Однажды пасмурным днем она сказала, что мы идём пить кофе. Квартирка находилась недалеко от Старого города. Выйдя из дома, мы направились в сторону Ратушной площади. На одной из маленьких побочных улиц мы зашли в кофейню с традиционной для таких заведений вывеской "Kohvik"[4 - Кофейня (эст.)]. К тому времени я уже успела выучить несколько эстонских слов: "ait?h", "kohv" и "suletud"[5 - Спасибо, кофе, закрыто (эст.)]. Моя попытка заказать кофе на эстонском не впечатлила и даже ничуть не удивила официанта:

– Palun kohvi,[6 - Кофе, пожалуйста (эст.)] – я сияла, как натёртое содой столовое серебро, произнося эту незамысловатую фразу. Освоение новых форм человеческом коммуникации всегда давались мне, интроверту, с трудом.
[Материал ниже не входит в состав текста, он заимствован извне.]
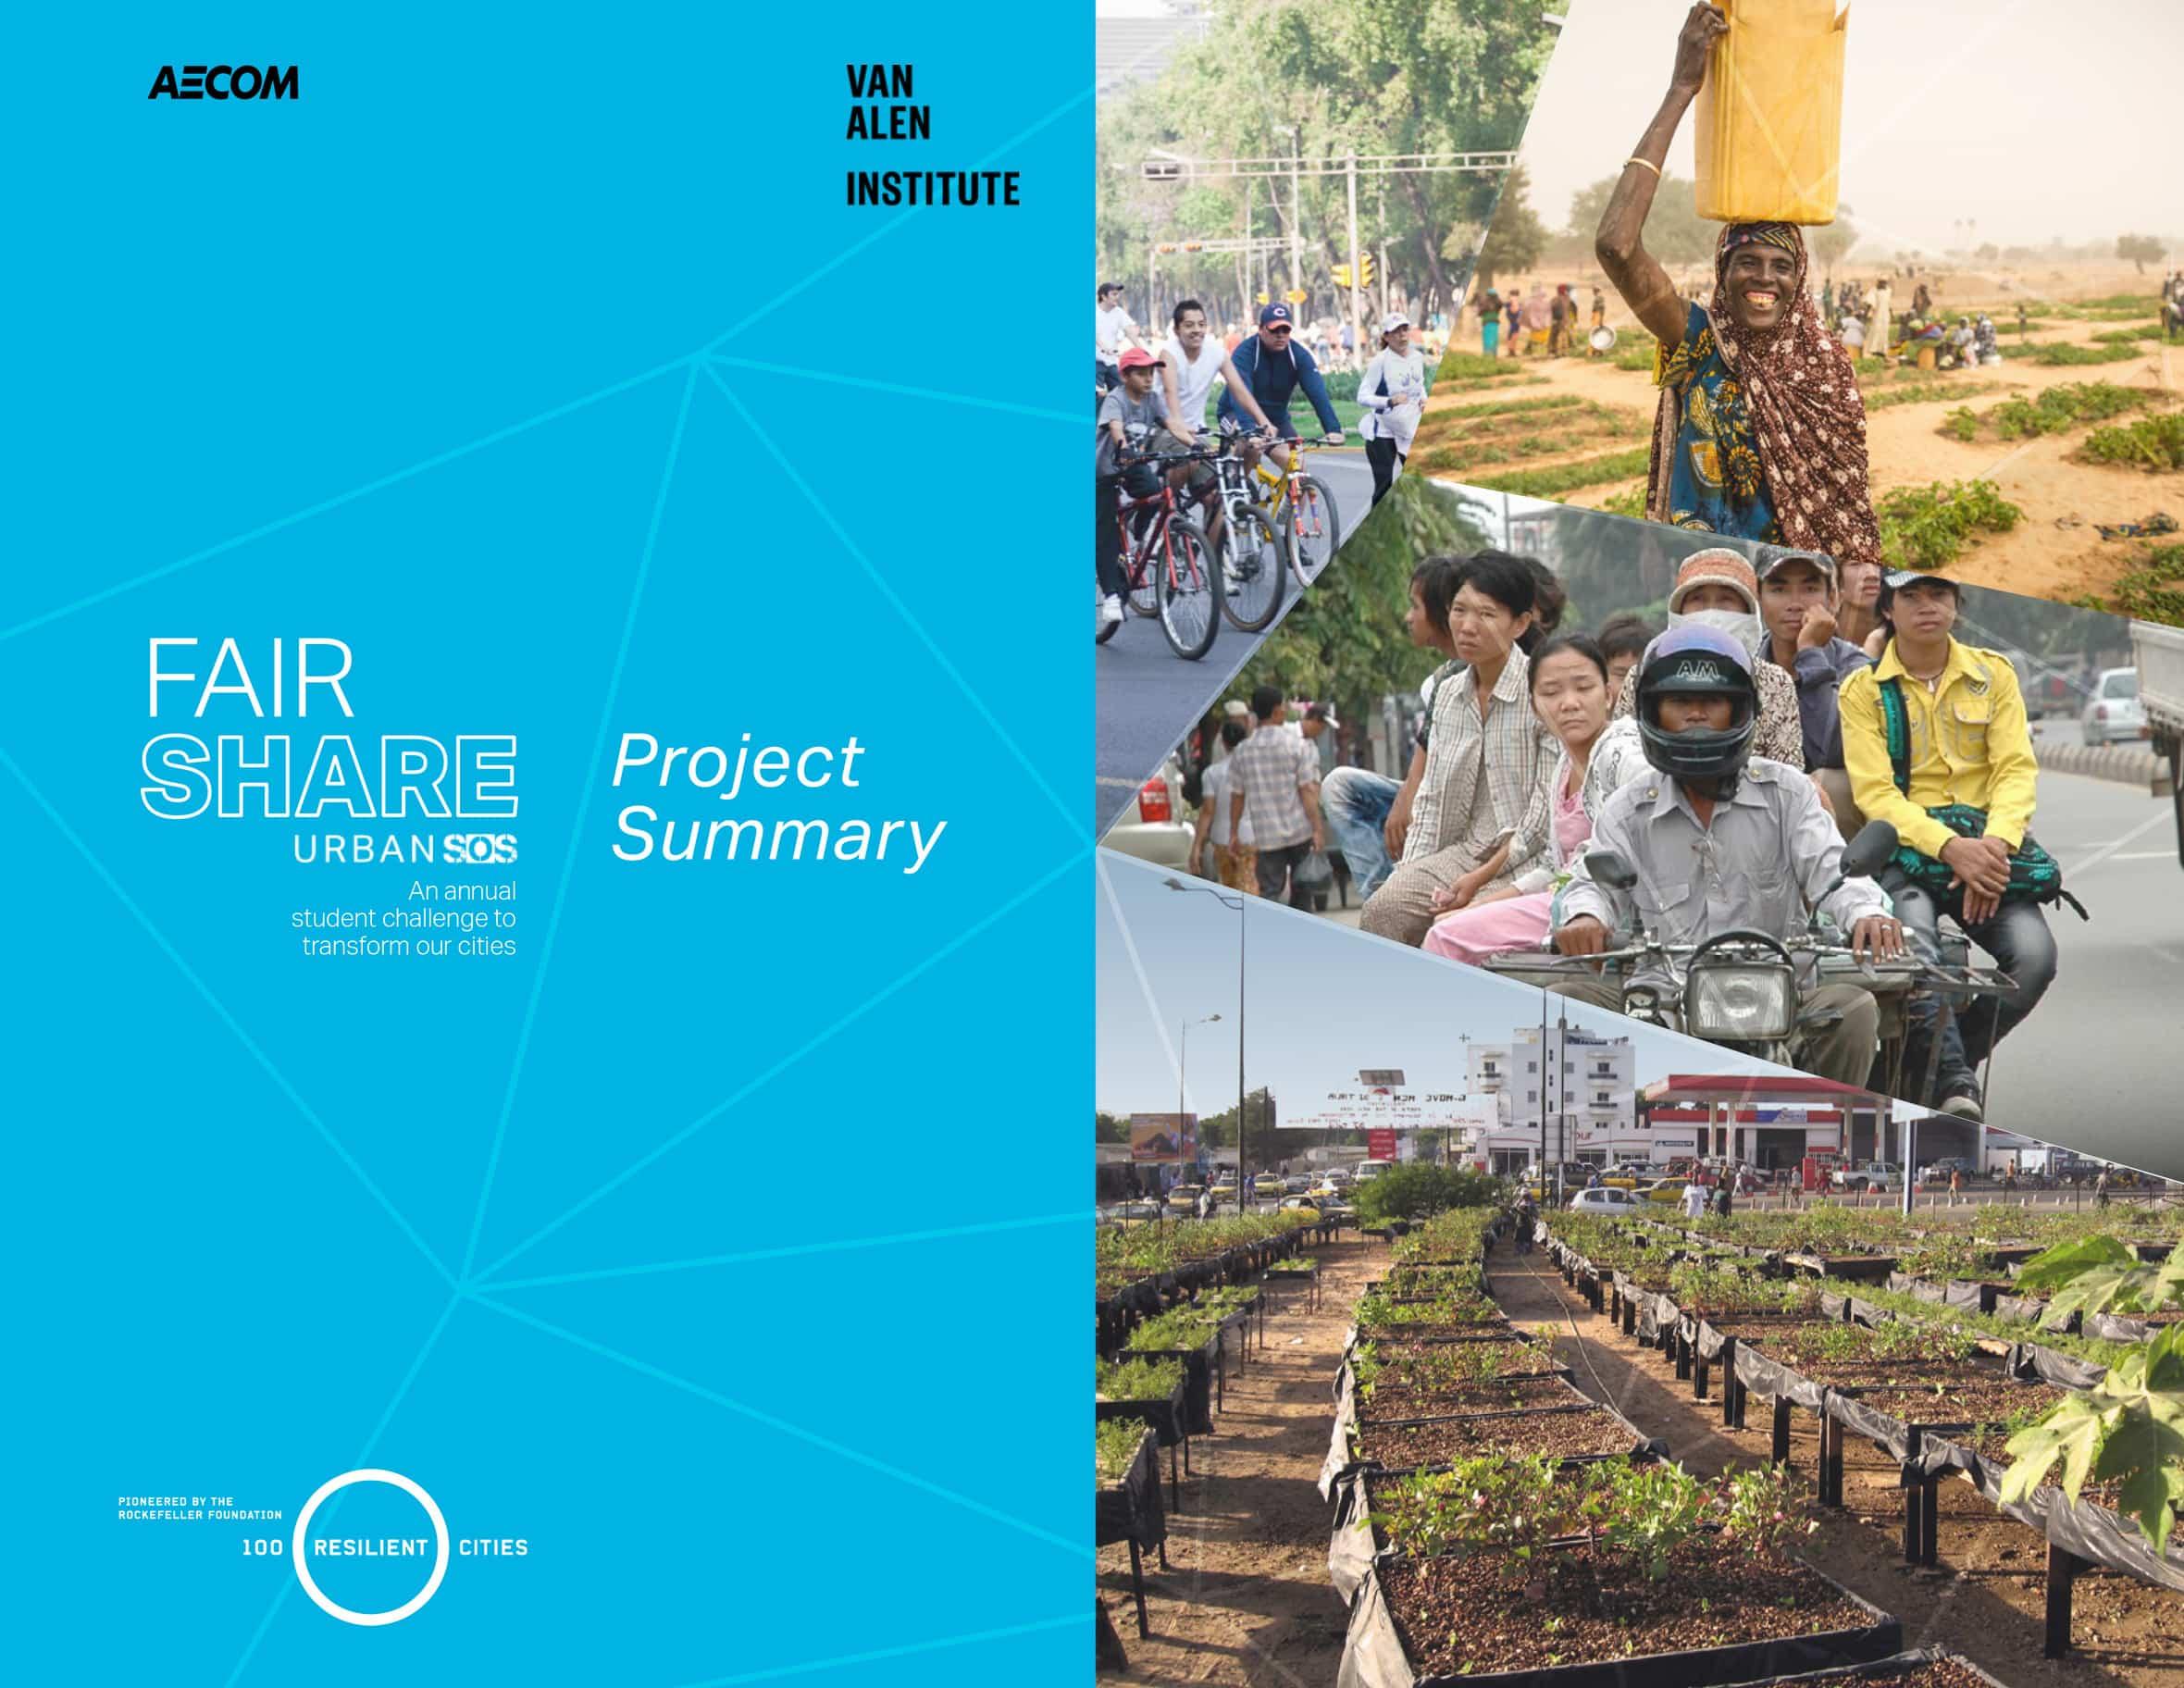 Urban SOS: Fair Share Project Summary

Поэтому они становились предметом особой гордости, когда я познавала их буква за буквой и побеждала своё стеснение, используя новые знания.

–Kas suhkrut tahate?[7 - Хотите сахар? (эст.)] – официант улыбался, задавая мне ответный вопрос. Его я уже не поняла.

–Ты пьёшь с сахаром? – переспросила моя знакомая.

– Да. И с молоком.

– И с секретным ингредиентом, – она хитро подмигнула мне. У меня было ни малейшего предположения, что за секретный ингредиент можно добавить в кофе. Чай?

Она что-то быстро сказала официанту по-эстонски. Он услужливо кивнул и оставил нас вдвоём.

Через некоторое время нам принесли две чашки:

– Kas te tellisite?[8 - Вы заказывала? (эст.)]

– Oh, jah. Ait?h.[9 - О, да. Спасибо (эст.)]

– Ait?h,[10 - Спасибо (эст.)] – я была поглощена новым языковым опытом и не обратила внимания на странных запах, исходящий от кофе.

Вкус напитка несколько насторожил меня.

–Напомни, что добавлено в чашку, кроме сахара и молока? – кофе был необычно терпким, обжигающим, хоть и не горячим.

– Ответ на дне, – она отняла чашку от губ. Несколько капель быстро сползли по белому фарфору и упали на светло-серые брюки. Моя спутница была одета сегодня не по погоде – на голенях сзади слякоть уже оставила свои грязно-коричневые следы на светлой ткани. Получается, что еще и не по напитку.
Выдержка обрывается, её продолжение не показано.